Nextbit’s Robin Is Another Pretty Phone–But with Infinite Storage - slewis
http://www.wired.com/2015/09/nextbit-robin/

======
GuiA
I don't want more shit relying on a 1 GBps, sub millisecond latency internet
connection. Even if bandwidth has gotten better in the past decade (although
it's doing so logarithmically), latency is still there no matter what you do,
and sadly the speed of light makes it that no matter what you do, you can't do
NYC-Paris in less than 40 milliseconds. You can use tons of tricks to somewhat
massage that fact, but at the end of the day the physical limit is there.

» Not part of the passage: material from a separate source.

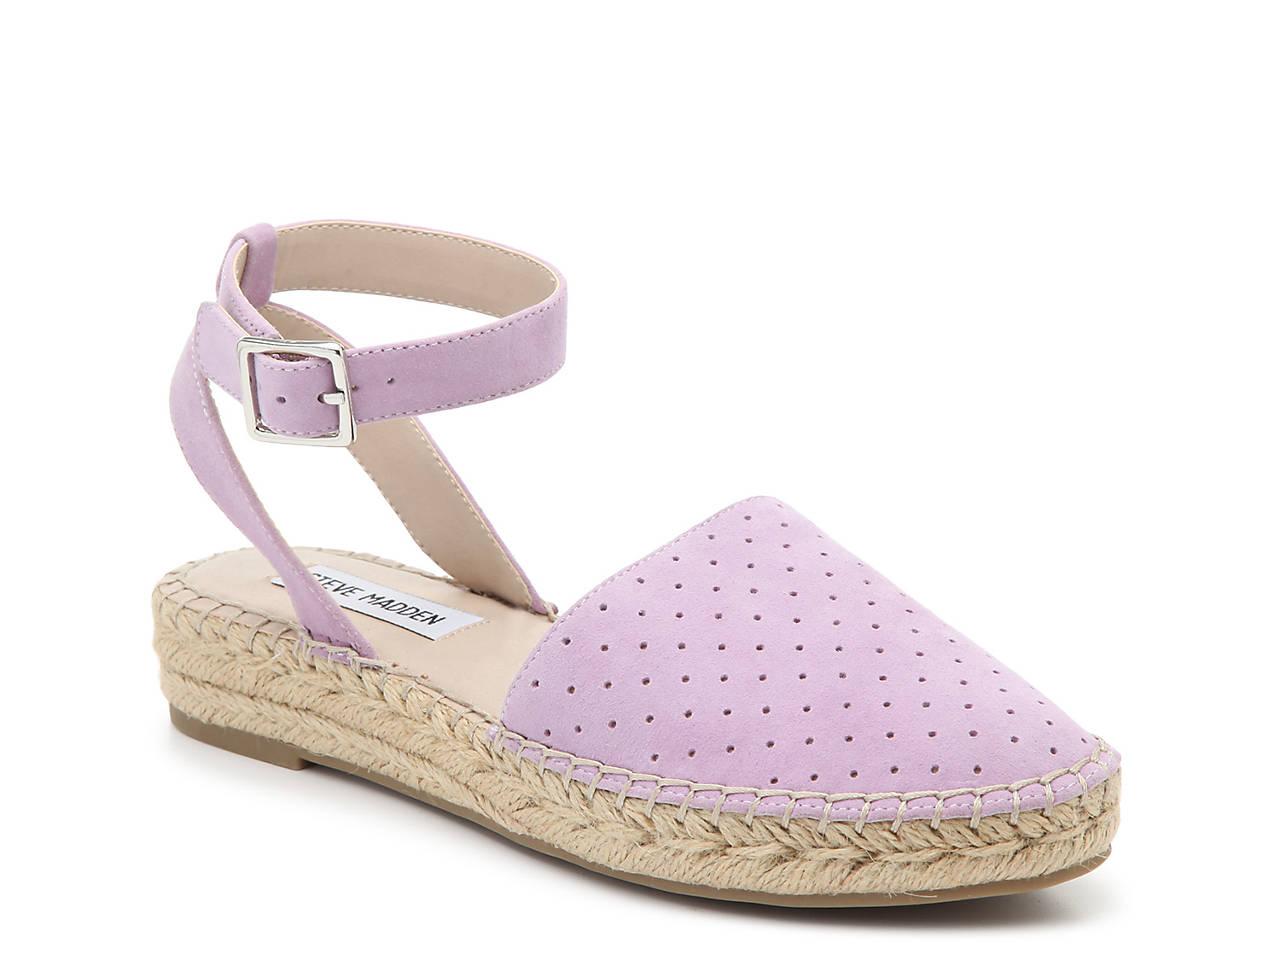 009c5dbeb46 Steve Madden Lesko Espadrille Flat Women s Shoes
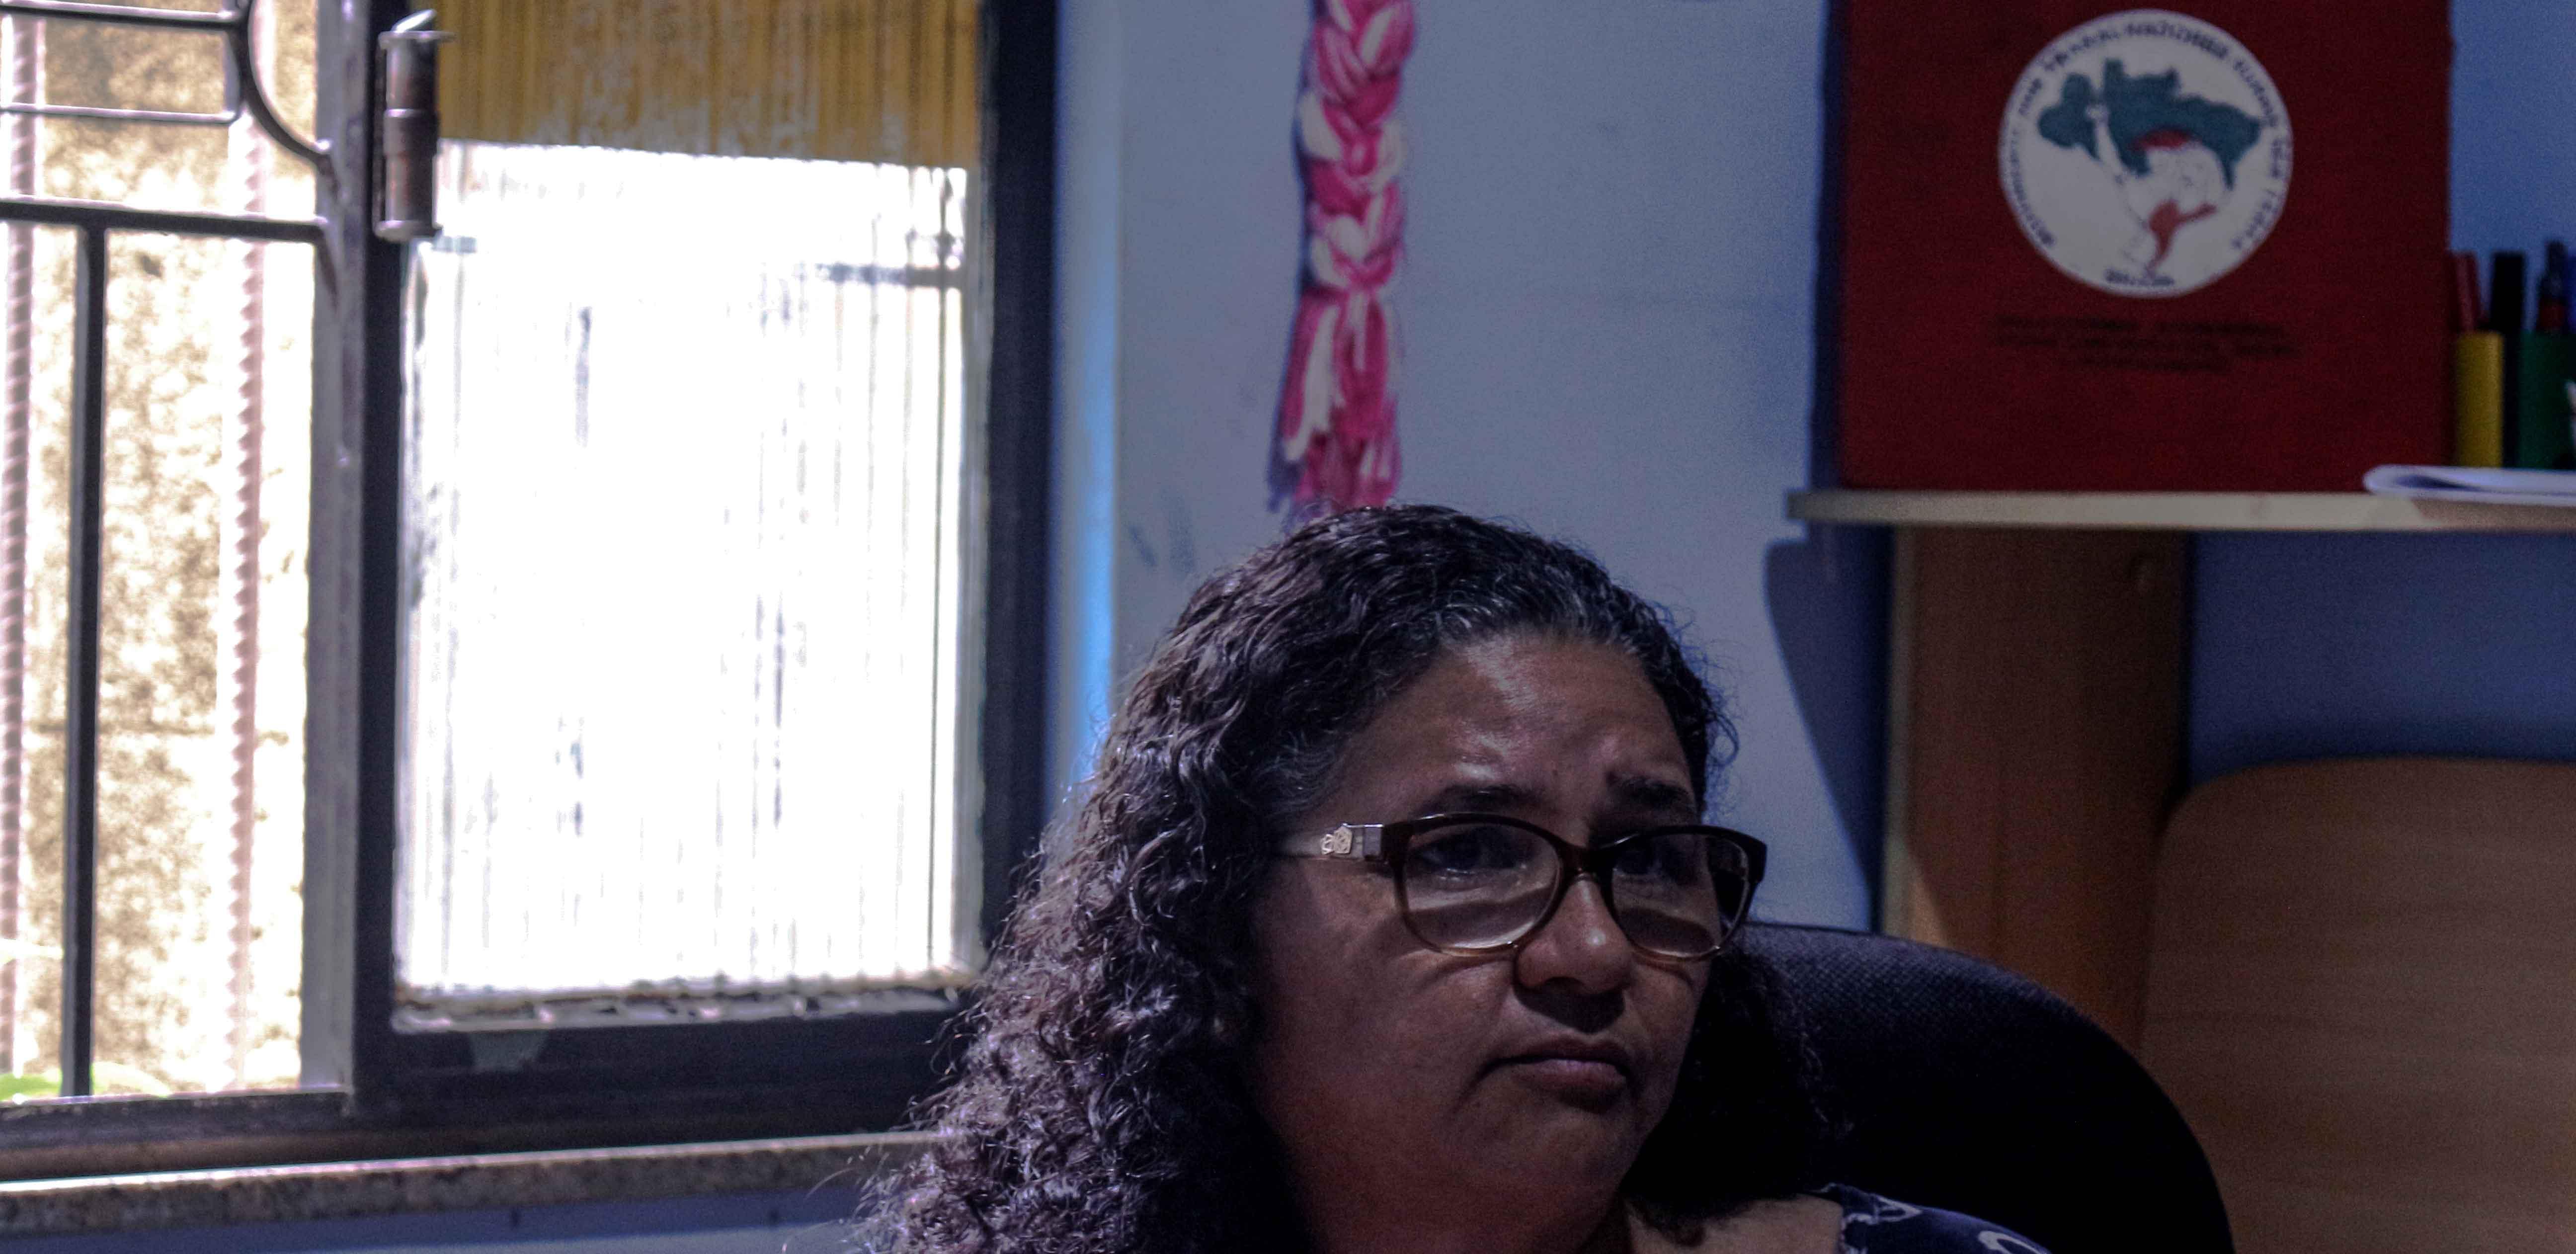 Izabel Rodrigues Lopes Filho, dirIgente estadual do MST, conheceu Fusquinha em 1992.

Not everyone is living in your Google Fiber bubble. If you're going to design
the cellphone of the future, you probably don't want the base assumption of
your design to be that the user will always be in an area with high bandwidth,
low latency environment, because that represents a minuscule fraction of
cellphone users.

Sadly, that's what happens when all of the startups are based in an echo
chamber - they lose sight of the fact that not everyone has the same
conditions as them. Well, tech has the nice habit of cyclically reinventing
shit, so I'm glad we're going to spend a few years banging our heads against
thin clients again.

Homework reading for the founders and employees of this company:
[https://rescomp.stanford.edu/~cheshire/rants/Latency.html](https://rescomp.stanford.edu/~cheshire/rants/Latency.html)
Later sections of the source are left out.